Earlier ML studies of community-dwelling older Medicare beneficiaries have attempted to refine the predictive capabilities of various ML model configurations. However, few have reported outcomes of their specific model feature inputs [25-29]. Understanding important features contributing to mortality prediction algorithms can highlight differences in outcomes between models based on the population studied, ML model approach, and type of data analyzed. Increased transparency in reporting model feature outcomes may also help inform the criterion validity of existing clinical assessment tools used to evaluate patients for palliative care needs. Furthermore, features capturing the SDOH have also been largely neglected from ML models in previous literature [6,25-29,31-33,36,41]. Our feature impact outcomes show that SDOH (ie, food access and local economy) not only are relevant to the prediction of end of life in the community-dwelling Medicare Advantage population but also may be more influential on the outcome than some archetypal high-risk diagnostic and service utilization indicators of palliative care need that are perhaps more commonly observed in hospital settings (eg, ventilator use, sepsis).

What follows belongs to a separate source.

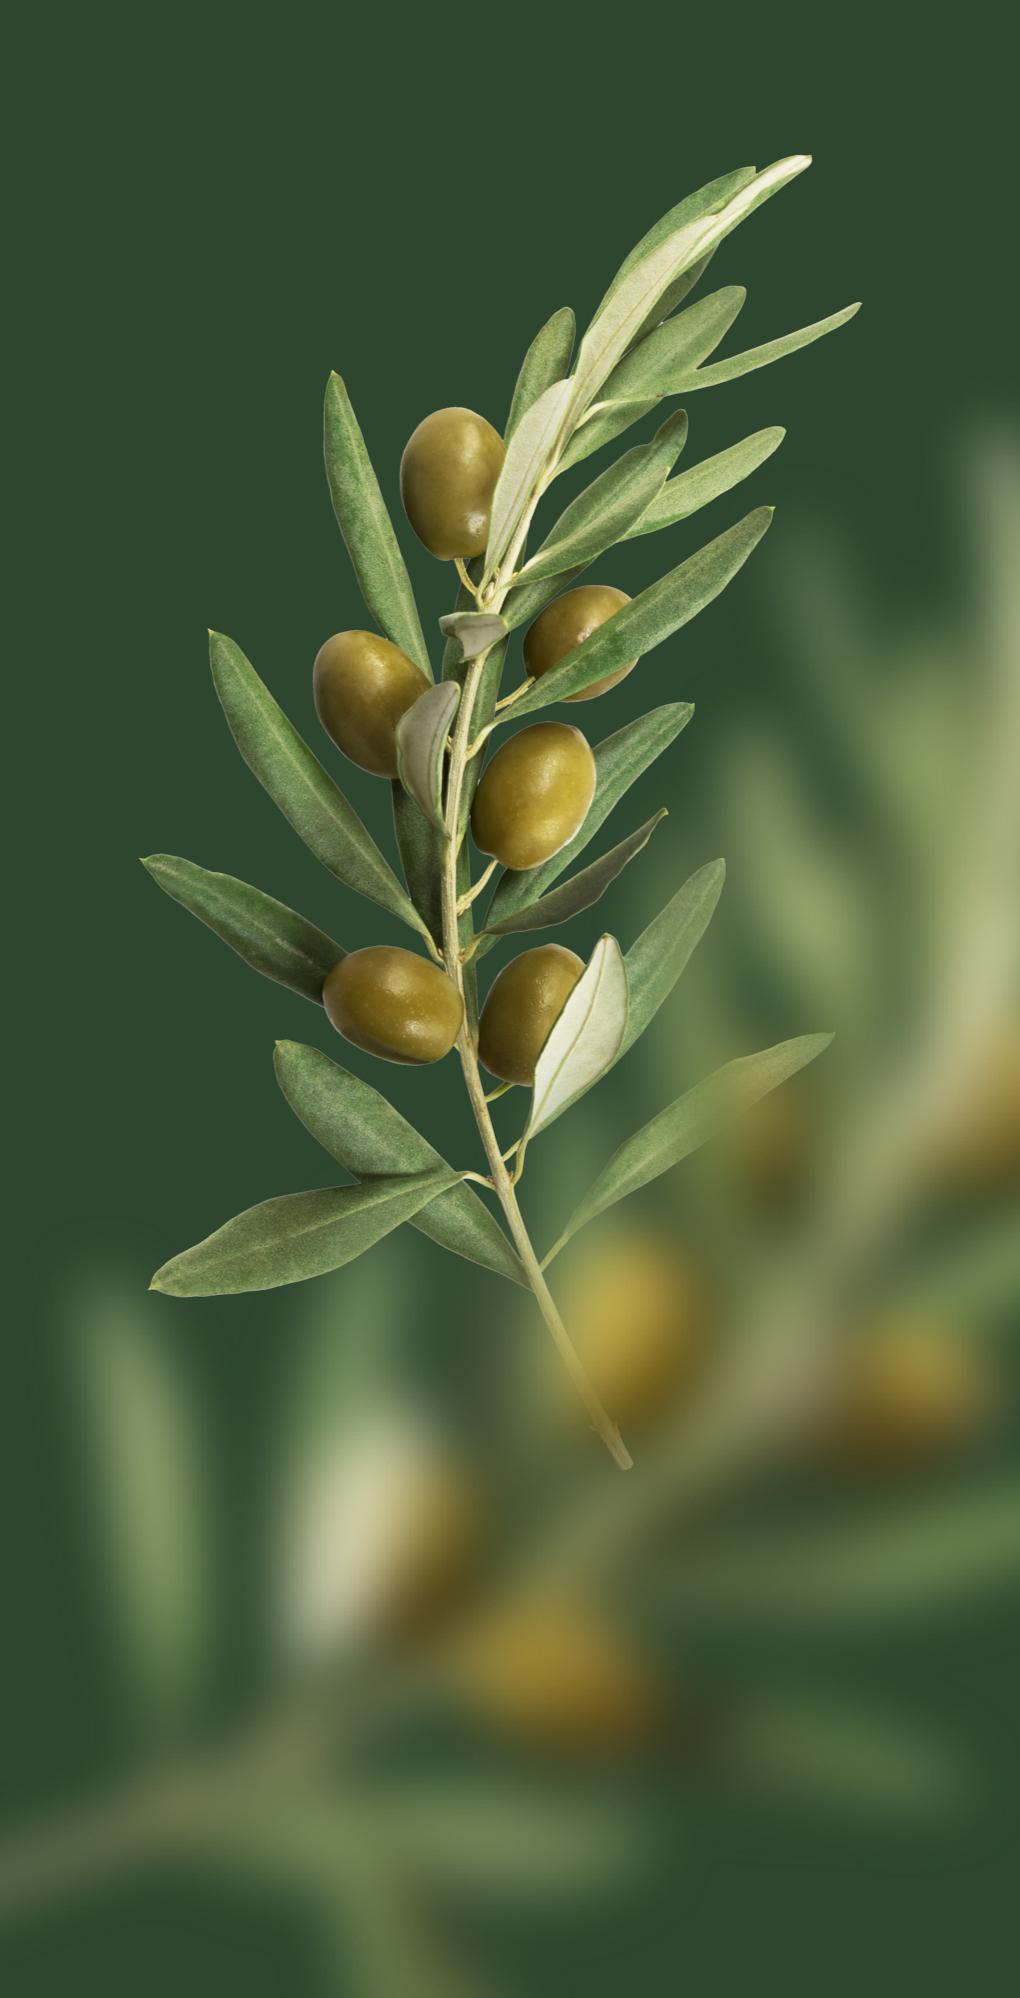 Olive harvest in Sicily
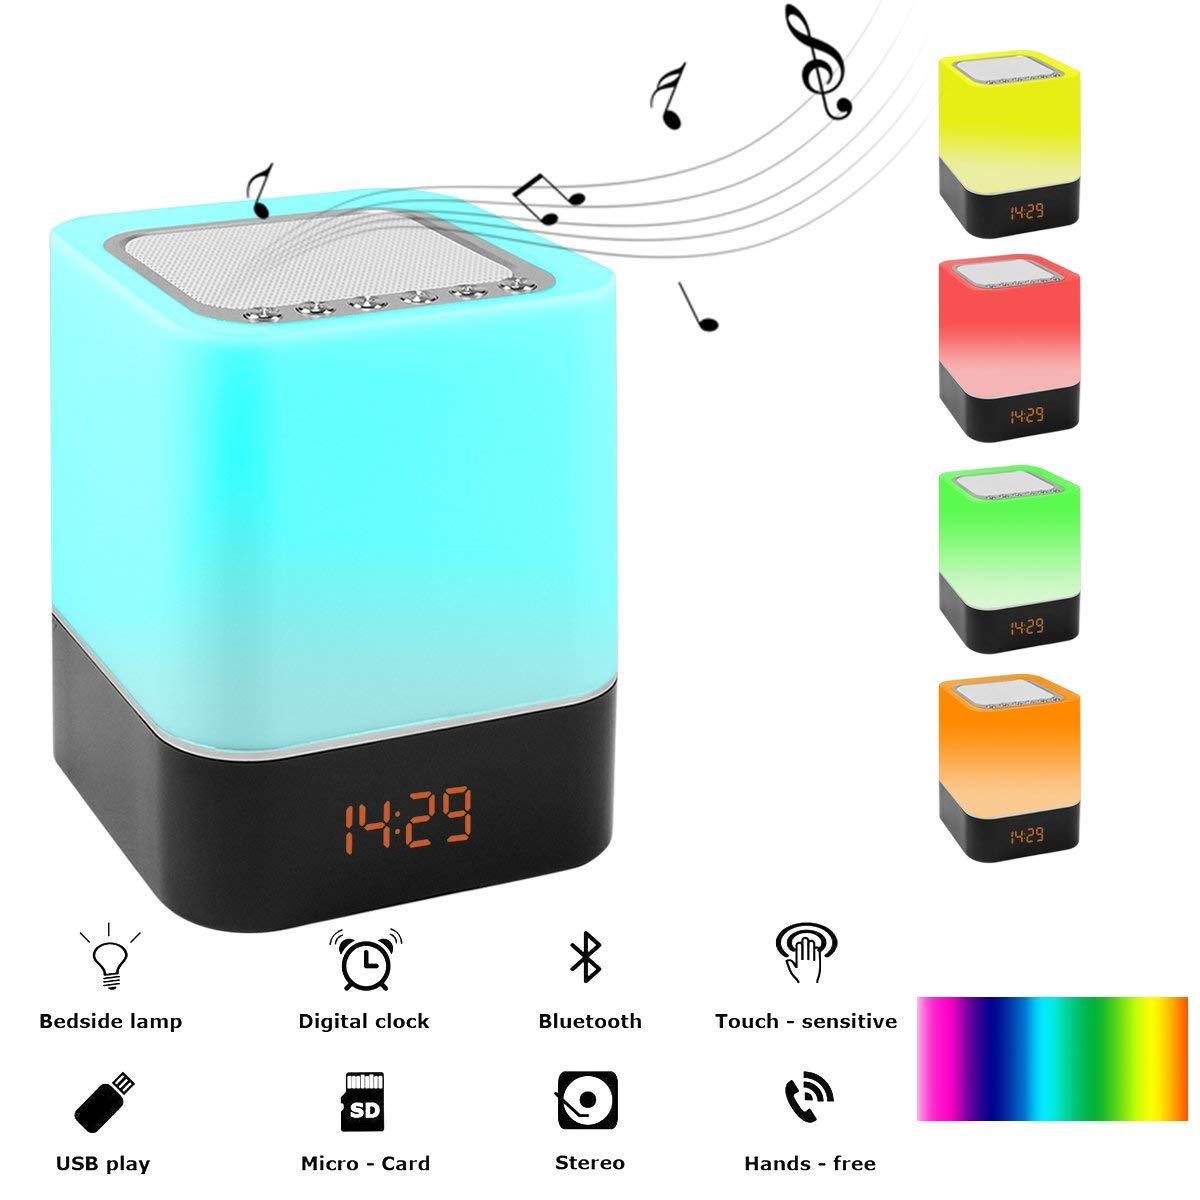 Dapper Brand Nieuwe Draadloze Bluetooth Speaker Met Touch-control Bedlampje, Tafel Wekker Bluetooth Met Veranderende Led Nachtlampje Regelmatig Drinken Met Thee Verbetert Uw Gezondheid

The performance of our baseline gradient-boosted machine model predicting 1-year mortality in Medicare Advantage plan members (aged ≥65 years) improved with the incorporation of patient service utilization, diagnoses, and SDOH features. Having access to and adding the full medical, laboratory, and pharmacy claims data and SDI measures enhanced our ML approach. The performance of our model is comparable to that of previous ML studies of older community-dwelling Medicare beneficiaries using claims data (see Multimedia Appendix 4). Some of these models have achieved greater accuracy than that in this study, particularly those models using deep learning configurations. For example, the long short-term memory and deep neural network models developed by Guo et al [25] outperformed their random forest model for predicting mortality in outpatients. Although these types of ML models may achieve greater accuracy, the enhanced model complexity and types of data analyzed by deep learning configurations may not be available or necessary in some cases. Patient medical claims are a common and plentiful source of data that can be used to train binary classification ML algorithms for predicting mortality and other health outcomes. In contrast to inputs already defined within discrete data sets, model inputs generated from raw text might also produce more ambiguous feature definitions that could create challenges for feature impact reporting. Classification models using routine, standard data (ie, claims, administrative records) may be a more attractive option for health plans and other organizations that already collect such data with predefined discrete variables to fulfill their business purposes.

Limitations

Age and gender were the most influential features in our final model. Although these demographic features had substantial impact on the mortality risk outcome, it is unsurprising that age is the most important model feature, as the probability of death increases with age in older individuals. There is also evidence that, for various reasons, men may be likelier to die earlier than women [42]. The importance of age as a predictive variable is documented in the feature reporting of studies on ML mortality models for hospitalized patients [43]. For community-dwelling Medicare Advantage members over 65 years of age, omitting the age or gender inputs may influence the prediction of mortality risk in cases for which the outcome could be better explained by these demographic variables. Race and ethnicity were purposefully excluded from the model. Race and ethnicity are related to certain disease outcomes, but the literature suggests that social determinants may mediate or modify observed racial or ethnic health differences [44]. When predicting mortality, we believe the composite SDI scores provide more information on the regional variation in individual levels of SDOH and potentially less measurement bias compared with patient race or ethnicity [33].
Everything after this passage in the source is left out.